Is it the de Blasio Administration’s way of creating affordable home ownership or is it a bureaucratic game of three-card monte with favored non-profit developers working as the dealer, the city working as shills and tenants becoming the marks?
Either way, the city is readying to temporarily transfer ownership of six Central Brooklyn properties they currently own to the non-profit Restoring Communities Housing Development Corporation (RCHDC), an affiliate of Neighborhood Restore, for a $1 each.
The non-profit will then turn over the buildings to Bedford-Stuyvesant-based developer Bridge Street, who will in turn move out existing tenants while they redevelop the properties, then move them back in and offer to sell them their units as co-ops for $2,500.
According to a legal ad in the New York Daily News dated Jan. 23, 2019, the city’s Department of Housing Preservation and Development (HPD) is expected to go forward in the near future with the sale of properties located at 32 Putnam Avenue, 34 Putnam Avenue, 550 DeKalb Avenue, 55 Carlton Avenue, 374-76 Prospect Place and 1216 Pacific Street.
The deal comes under HPD’s Affordable Neighborhood Cooperative Program (ANCP) program, in which the City selects qualified developers to rehabilitate distressed city-owned occupied multi-family properties.
Currently, tenants themselves manage the properties under the city’s Tenant Interim Lease (TIL) Program, which the city established since the 1970s and 80s, when the city was rife with slumlords and abandoned buildings. TIL is under HPD and has tenants paying rent to the Tenant Association. The funds are than used for building maintenance and now will form part of the future co-op building reserve fund.

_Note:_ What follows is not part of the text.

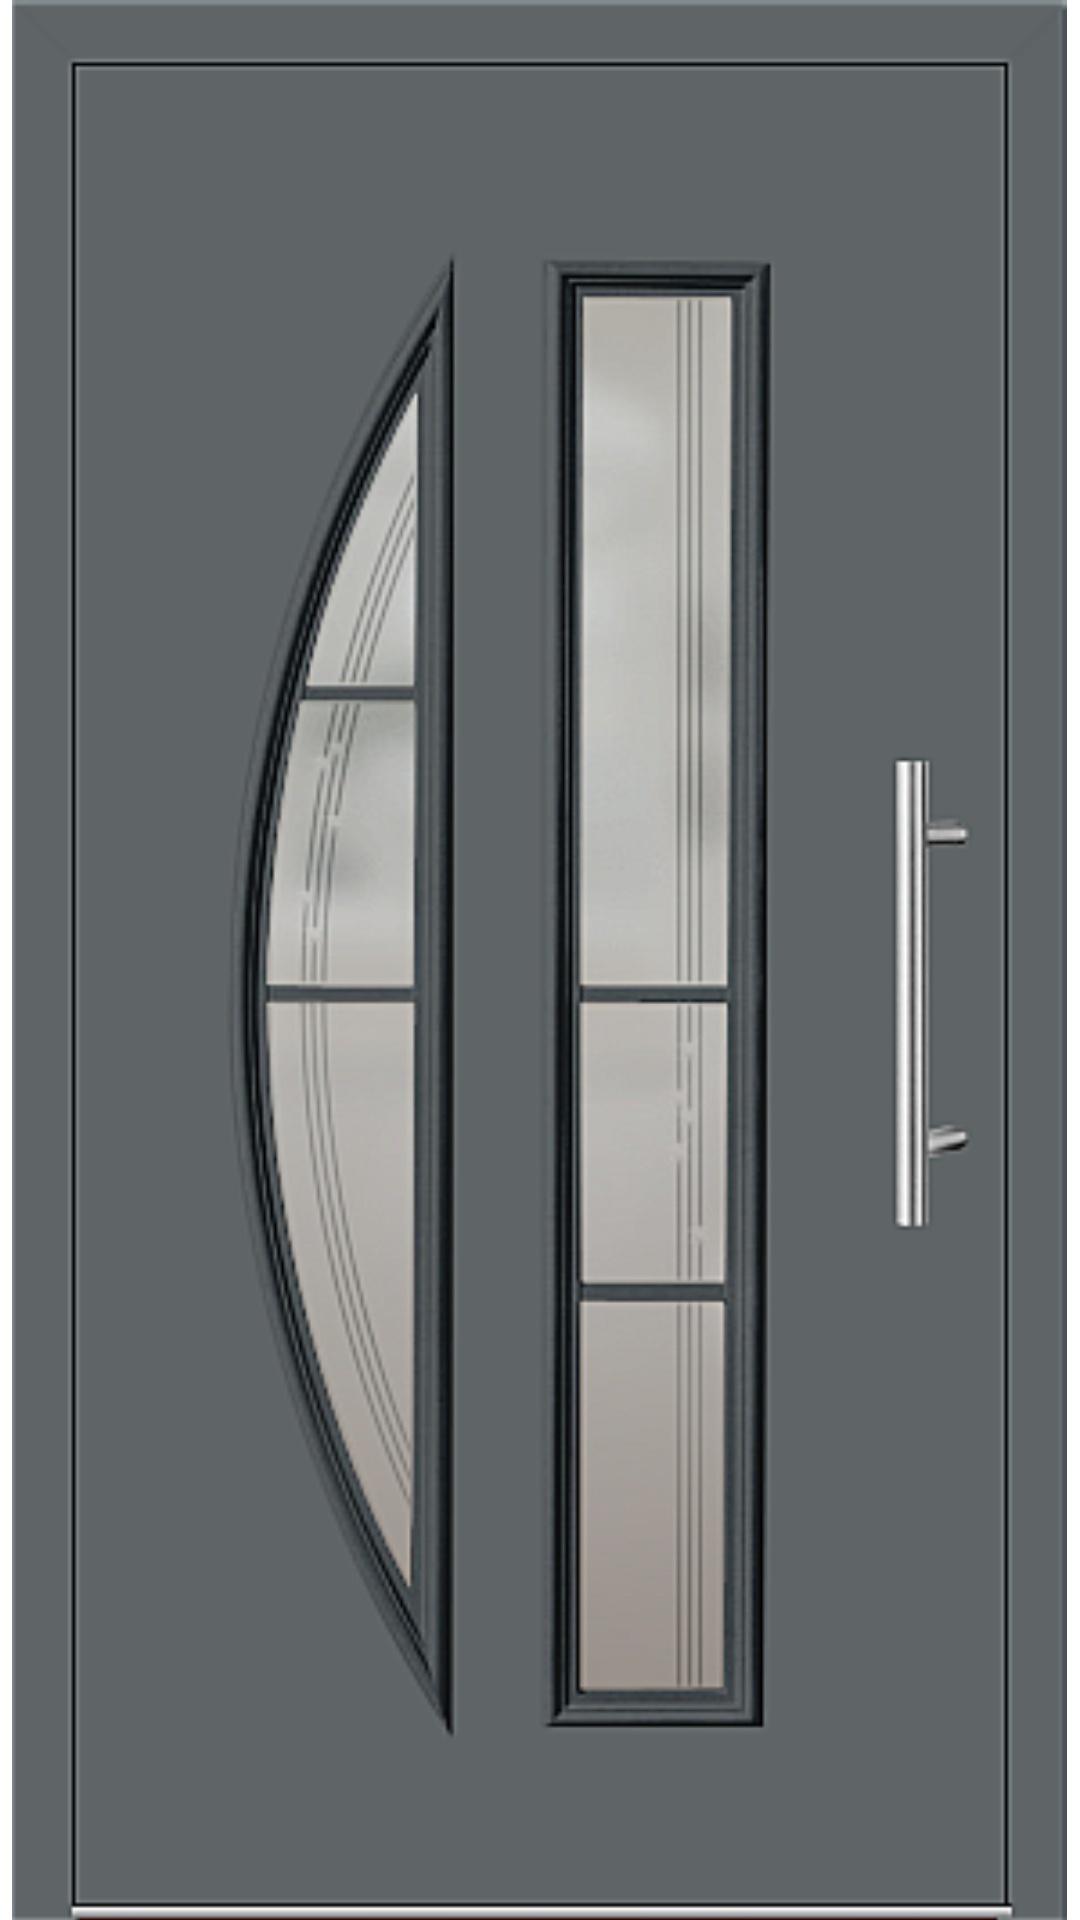 Kunststoff Haustür Modell 6525-65 basaltgrau

The city chose Bridge Street as the developer from a list of qualified developers with a history of doing such work. Bridge Street will get a low-interest city subsidized loan to redevelop the properties. In the meantime they will start collecting rent from the current tenants and use that money to relocate them elsewhere – often at other Bridge Street managed properties – at their current rent as well as to pay some maintenance fees.
Bridge street will get 10% of the total city loan as a development management fee. Once redeveloped the tenants will move back in at a slight rent increase and have the opportunity to buy their unit for $2,500 as a co-op with some strings attached such as they cannot sell the co-op at market rates. They will also be responsible toward paying off the redevelopment loan as part of their monthly maintenance fee. However, they will get a partial or full property tax exemption for up to 40 years.

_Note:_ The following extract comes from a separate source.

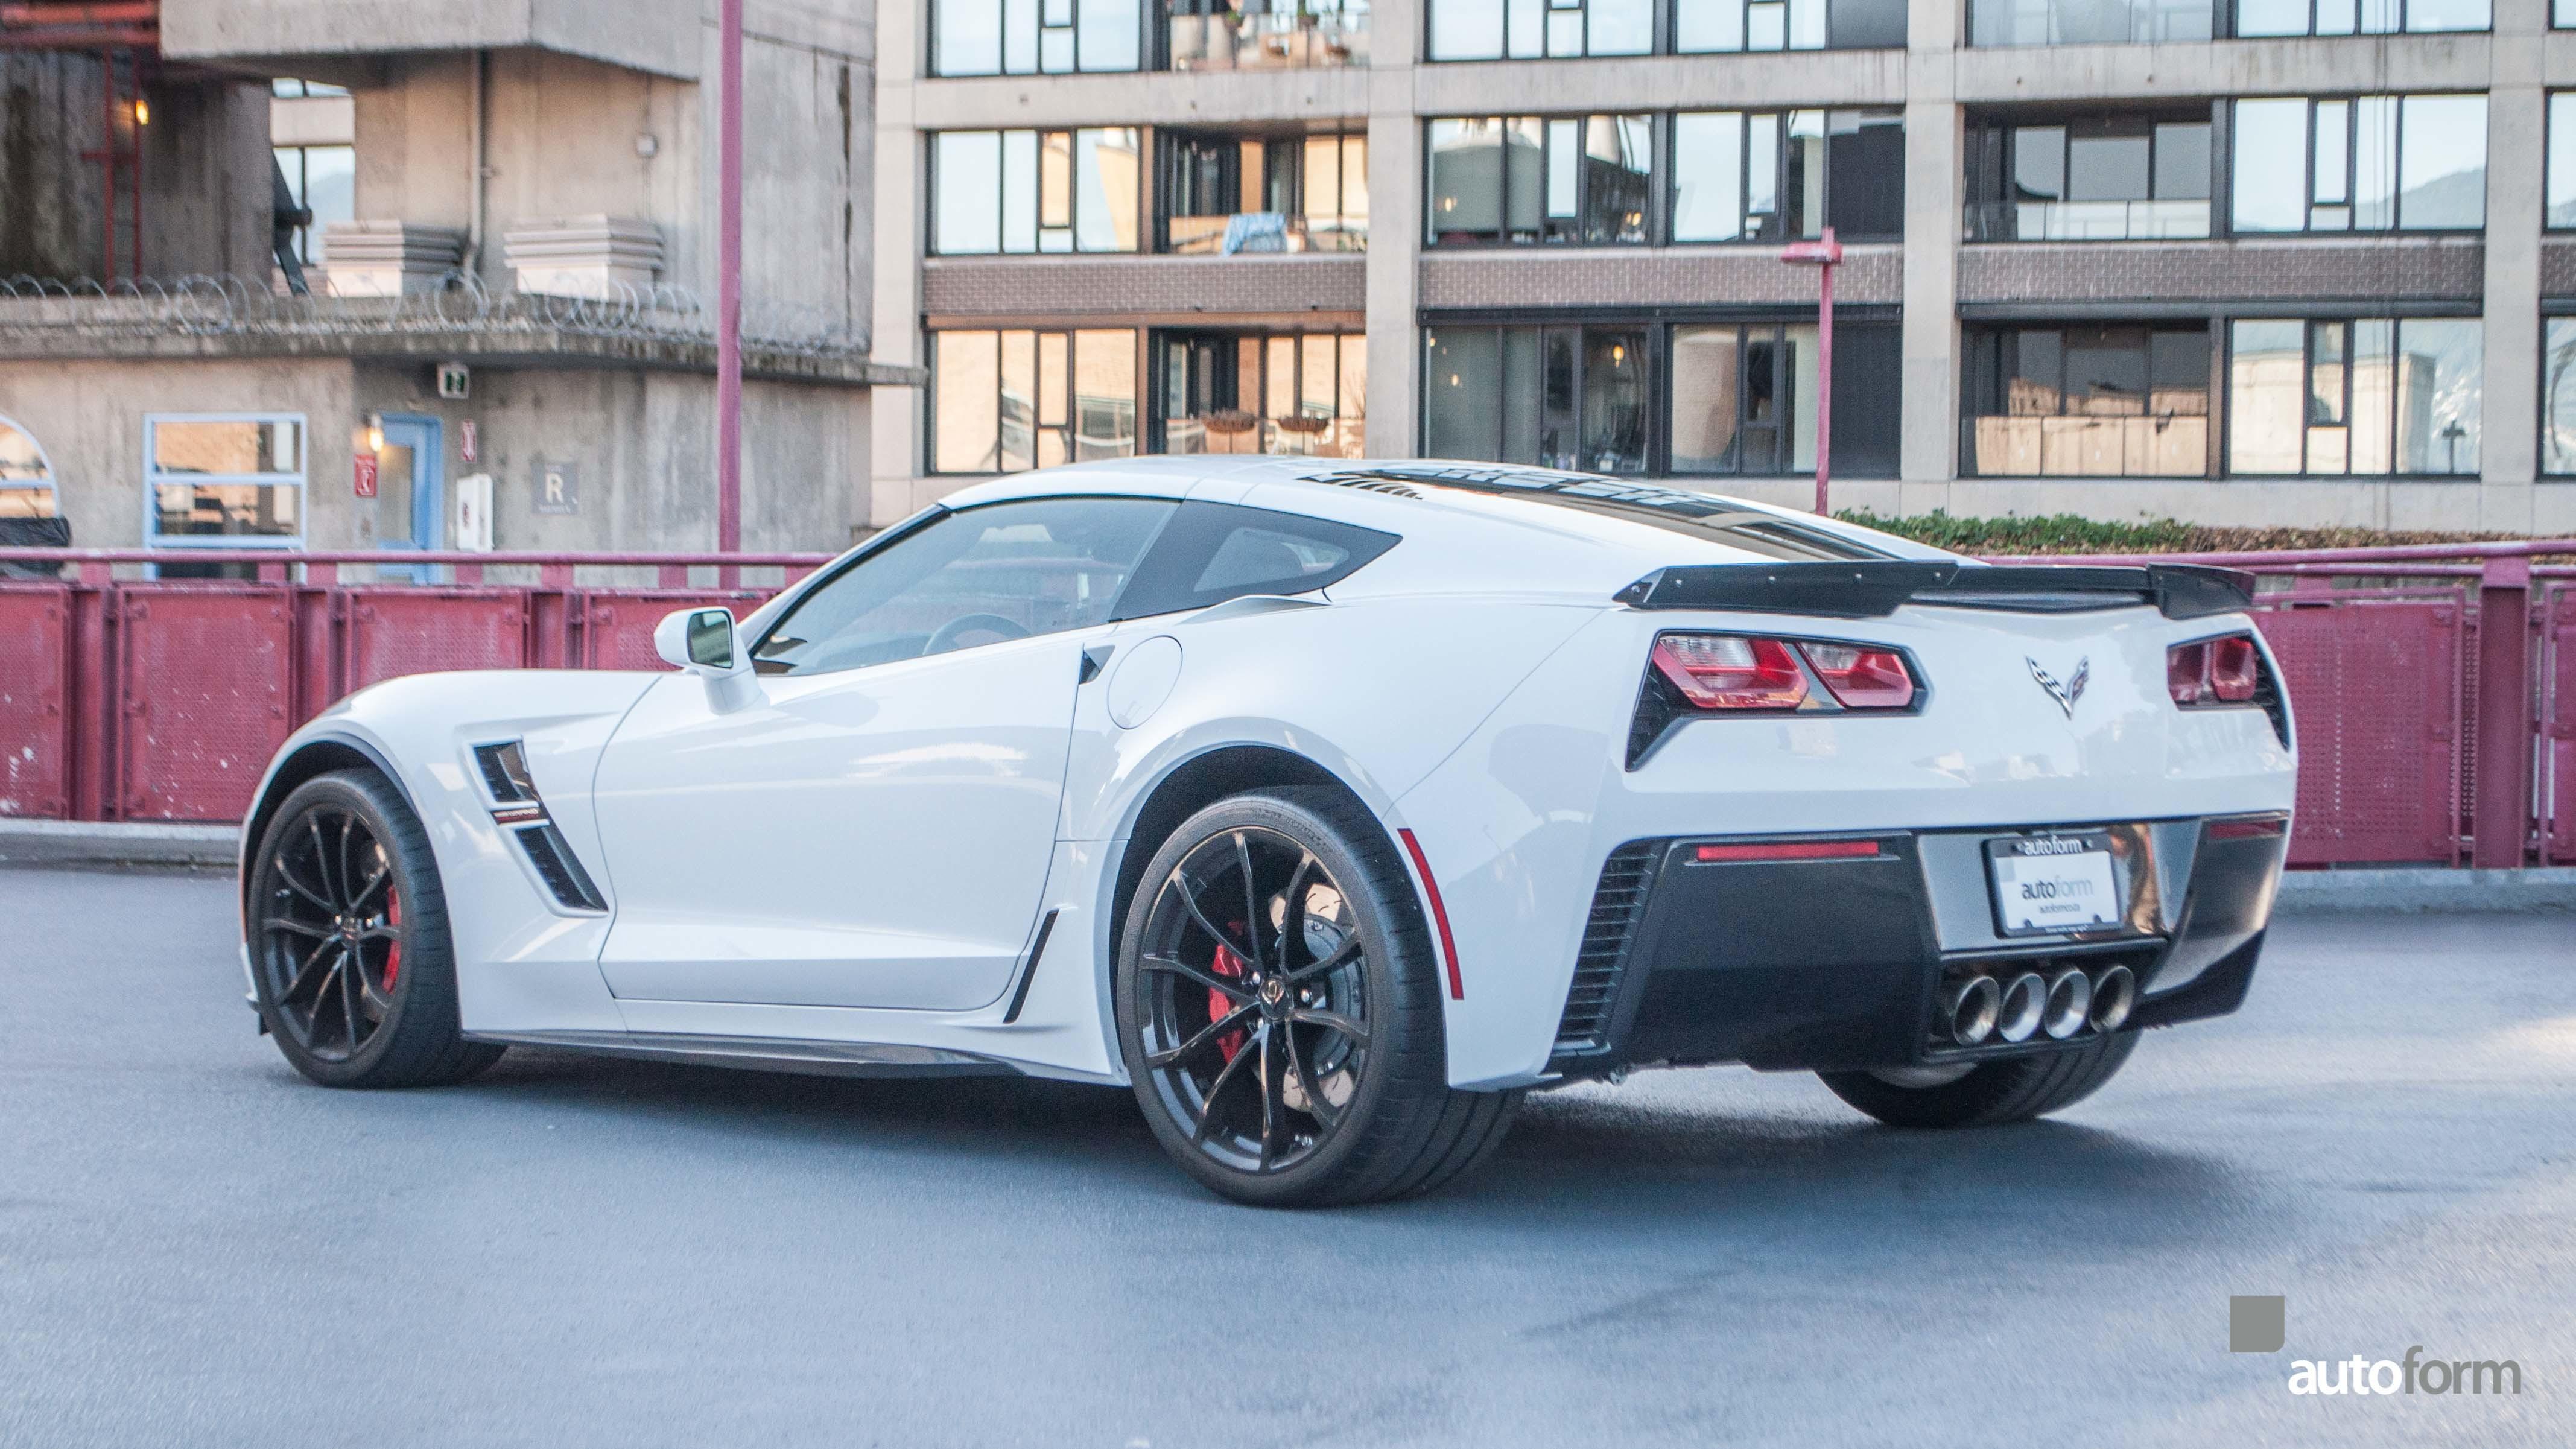 2018 Chevrolet Corvette Grand Sport Autoform

Under the terms of the deal, Bridge Street will continue as property managers for at least the first year. After that, the co-op board will choose the entity that will manage the property. Should the building ever default on maintenance fees, water and sewer costs or property taxes, Bridge Street is banned from taking control of the deed, but it could go into the hands of another non-profit.
According to the program’s details, shareholders will pay a minimum of 2% annual maintenance increase for the duration of the regulatory agreement (30 years). The monthly maintenance fee is structured to cover building operation expenses, pay down mortgage debt and put away money into reserves for future capital or operating needs.
While both the city and Bridge Street see the program as a way to provide low-and middle-income home ownership in the rapidly gentrifying city, at least one of the tenants involved isn’t so sure.
“We came here when the landlord wasn’t doing what he was supposed to be doing in 1998. Then the city came in with the TIL program and three women took it upon ourselves to manage the building,” said Tammy, a 35-year resident of one of the buildings, who refused to give her last name.
“We three fought drug dealers, arsonists, people tampering with the locks and people who decided to squat in the apartments. We cleaned house and some of us have now been here for generations. Now the city wants to come in and take it out from under us and allow Bridge Street to develop it for a dollar. Why not let us pay a dollar and give us the opportunity to renovate the building and still be property owners?”
Tammy said that Bridge Street doesn’t seem to be working in the best interest of the tenants. They say they will relocate us to another building while they redevelop this building, but there have been temporary relocation tenants in this building for over 10 years and now the city says we have to take them on permanently, she said.
Tammy also questioned how they will move her to another neighborhood while the one she currently lives in – that once had bursts of gunfire and drug dealers working the corner – now has condos across the street starting at several hundred thousand dollars.
“There is some slick footwork somewhere. It’s really hard to believe the city at their word. Look at how they run NYCHA. The city is the biggest slumlord in the city right now,” said Tammy.
“I think the tenants would be able to do the redevelopment. Ultimately to displace people already living in affordable housing to create affordable housing doesn’t make any sense at all. This way we will never be out from under a developer. They won’t let us rent out our vacant apartments at market rate and if something goes wrong with the taxes there will be another non-profit developer waiting in the wings,” she added.
A hearing on the sale of the six properties is slated 10 a. m., Feb. 13 at 1 Centre Street in Lower Manhattan.